MIPIM 2016 Review: Housing the World

The weight of recent immigration has added to the already acute need for an accelerated housing programme, particularly in Germany.

Markus Terboven, board member at Gewobag Wohnungsbau-Aktiengesellschaft, said that in Berlin, six major house builders had been asked by the Berlin authorities to deliver around 60,000 apartments in the next decade, representing an investment of around €2bn each. He said that this requirement was based on a plan before the recent influx of immigration, which meant that the need for new homes was now even greater.

It was a view echoed by Dusseldorf Mayor Thomas Geisel, who added: “We must look at increasing the density of residential development in our cities to keep up with the demand.”

Architect Ian Simpson, of Manchester- and London-based SimpsonHaugh and Partners, is an unapologetic advocate of high-rise development. He believes it is essential for cities that have to accommodate rapidly growing populations. “Density allows us to deliver quality, and there’s a real desire on a whole series of levels to intensify development,” he said.

And Ingvar Hansen, head of planning development for the City of Copenhagen, said his city planned to deliver 45,000 new houses by 2027, in order to make the quality of life for which Copenhagen is famous more widely accessible. “The city has invested in recreational facilities to encourage more young people to stay.
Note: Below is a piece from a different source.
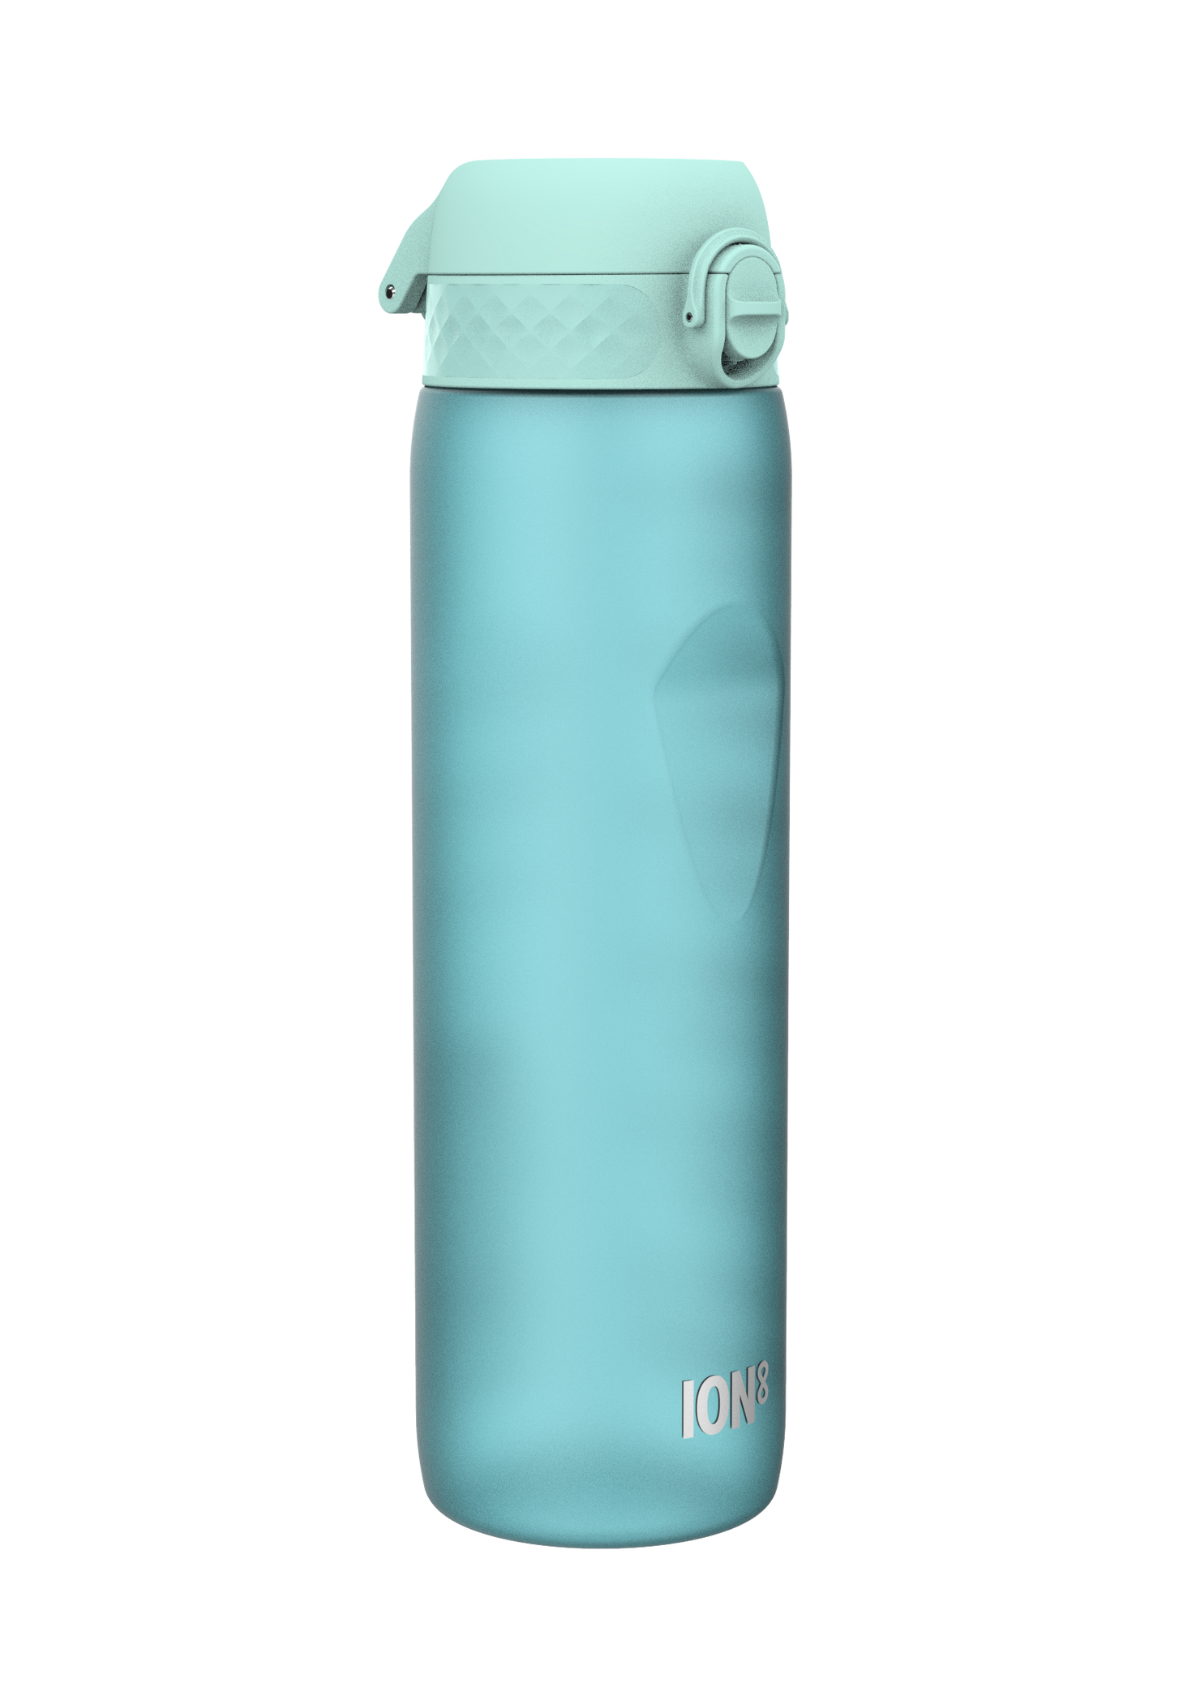 ION8 Water Bottle Quench 1000ml Leak Proof BPA Free

There is also a modern transport system supporting a modern life in the city. As a consequence of the dramatic rise in demand, prices have increased and the city fears only high income people can afford housing,” he said.

But Richard Fagg, Deputy Managing Director of Bouygues Development, said London faced challenges on a far bigger scale. “They [Copenhagen] have to build 45,000 houses in ten years. We have to build 50,000 a year,” he said.